The situation on Atlanta streets for many is dire, and Pierrette represents one of what aid workers say are large numbers of people left without a home as a result of struggles amid the ongoing pandemic. It isn’t clear how many like him are living homeless in Atlanta, but this week, volunteers collected data that could help quantify the problem.

On Monday night, Atlanta held its annual “Point-in-Time” count to tally the number of people who are homeless in the city and survey them. The results are expected later this year. The 2022 count is the first in Atlanta since the start of the pandemic, a world-shaking event that U.S. Housing and Urban Development Secretary Marcia Fudge has said “only made the homelessness crisis worse.”

The data collected in the count, required by the federal government, helps determine how housing resources are allocated around the country.

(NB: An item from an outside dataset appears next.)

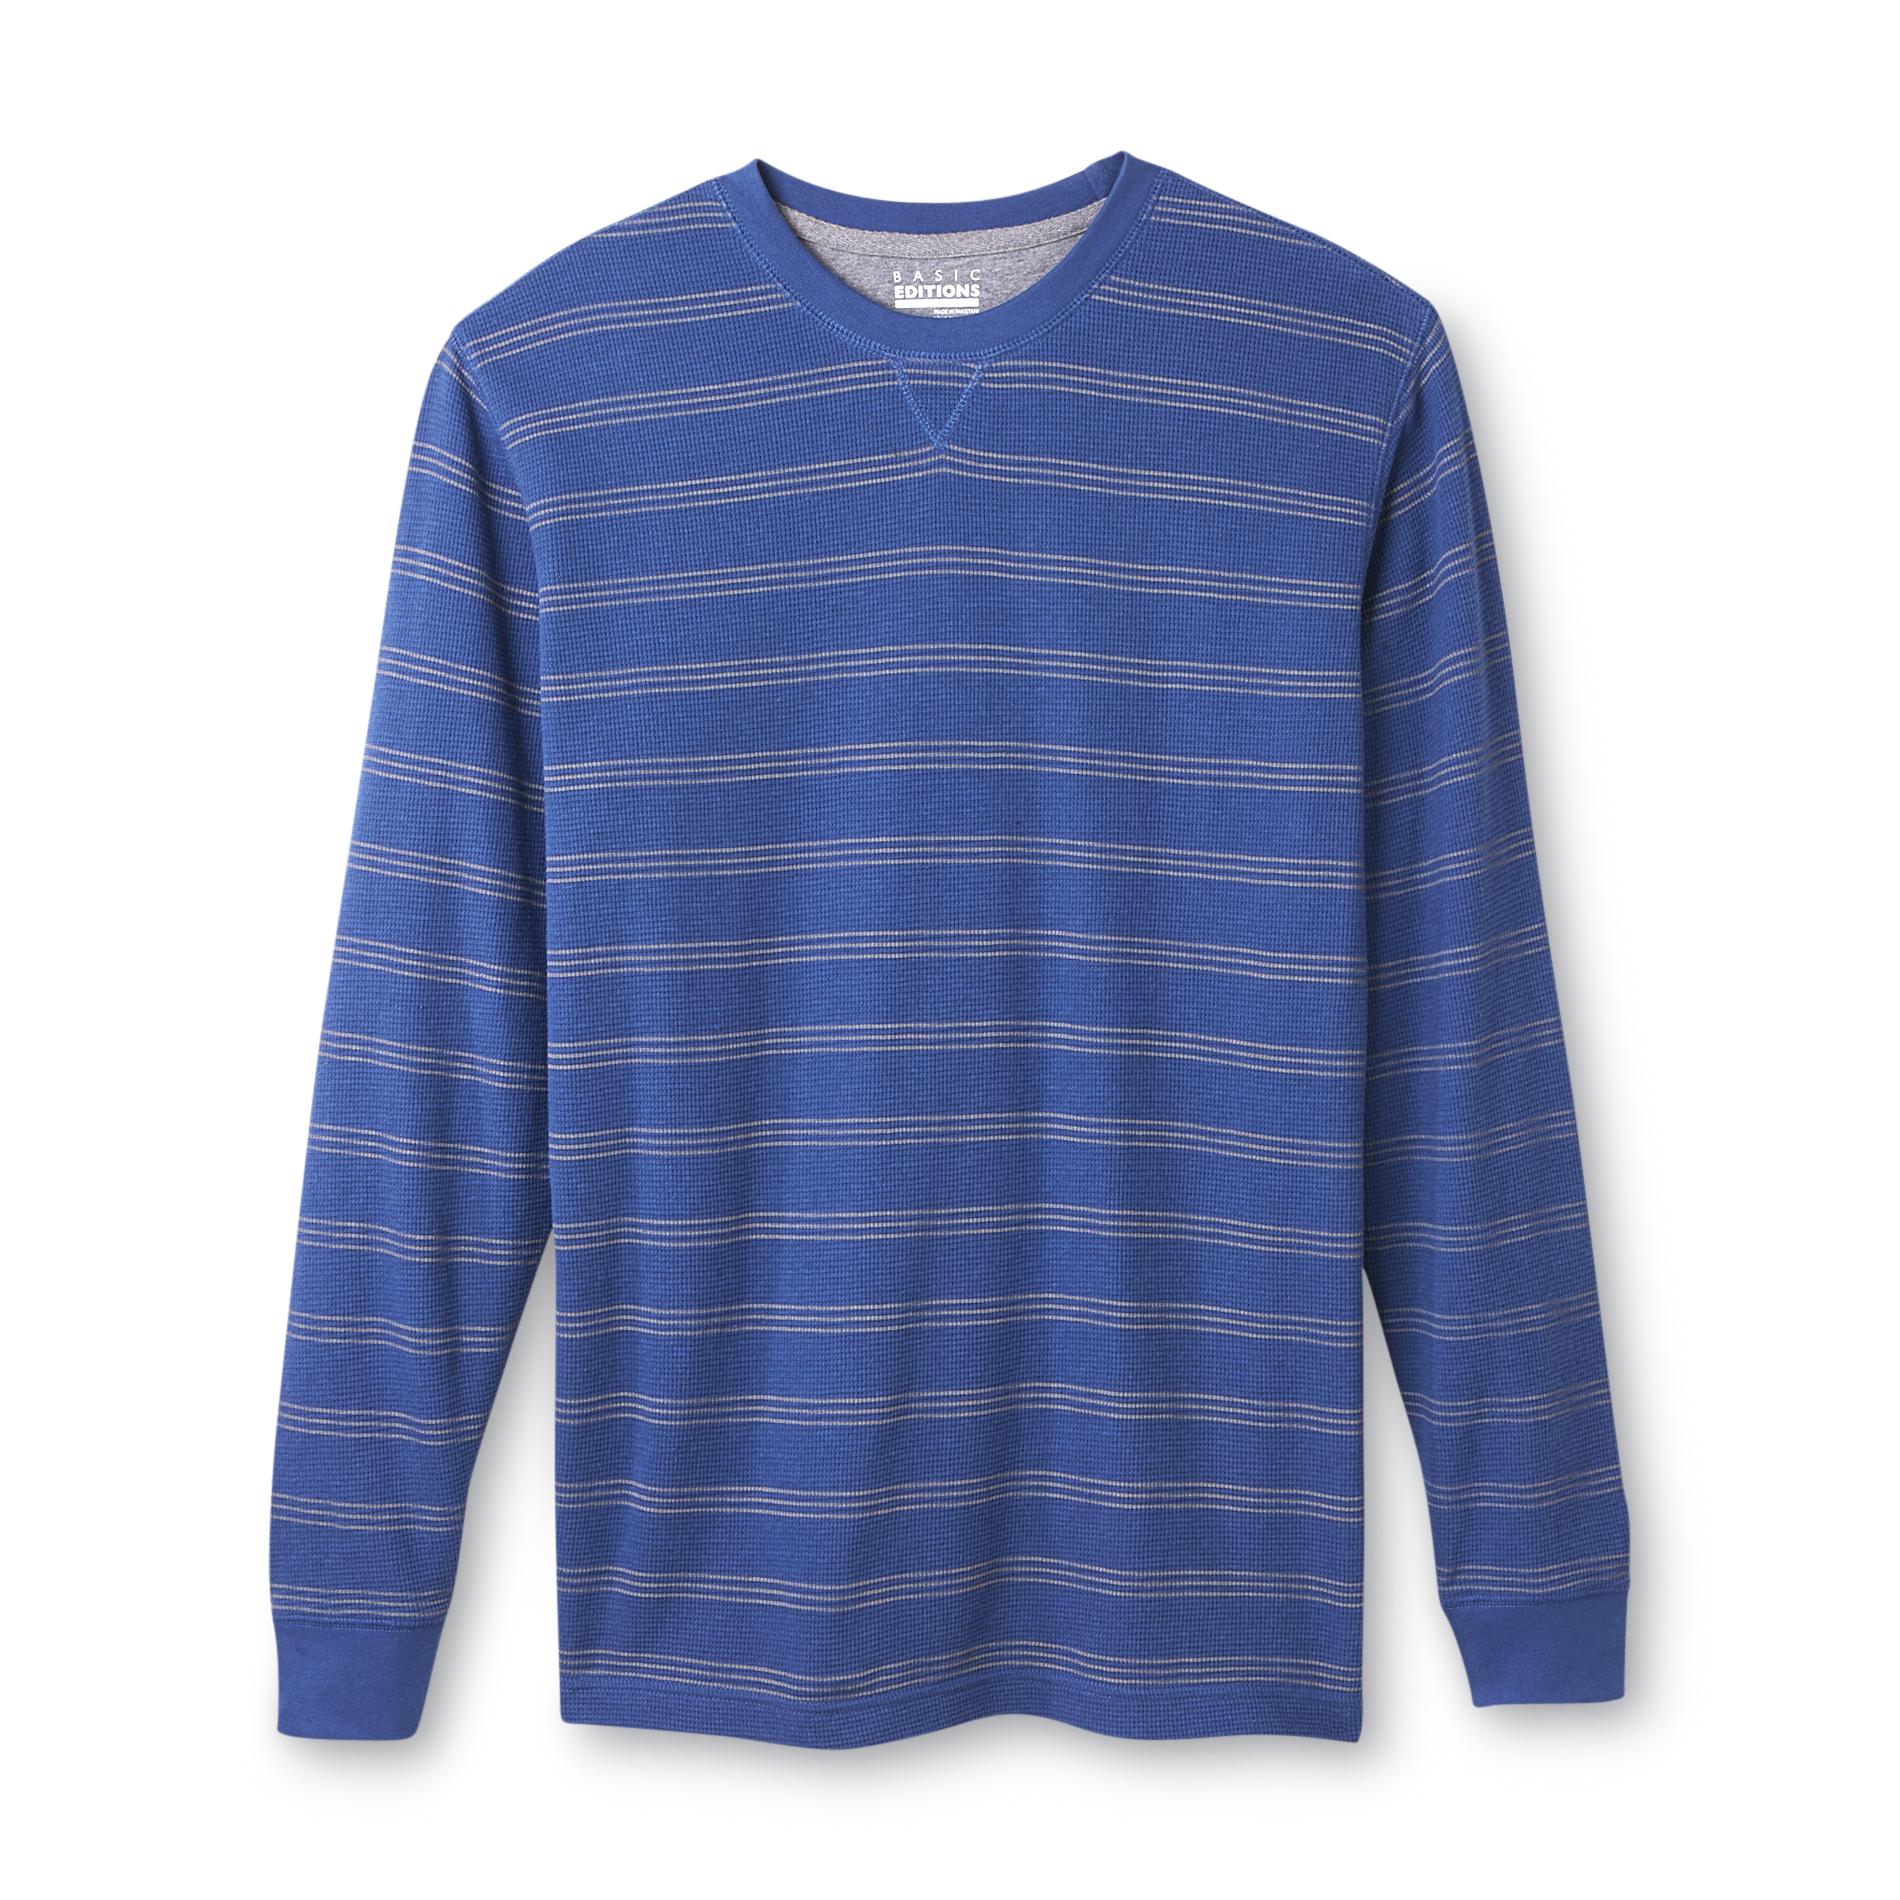 Basic Editions Men's Thermal Shirt - Striped

In January 2020, 3,240 people were counted in the city of Atlanta, on par with the prior year, though there was a 31% increase in people sleeping outdoors rather than inside homeless shelters. Numerous private and publicly funded shelters serve the city of Atlanta, providing a total 2,800 beds, though many people decline shelters for various reasons, including lack of privacy and fear of catching COVID in close proximity to others. To be included in the Point-in-Time tally, a person must be in transitional housing, unsheltered or in an emergency shelter. The 2021 count was canceled due to COVID concerns.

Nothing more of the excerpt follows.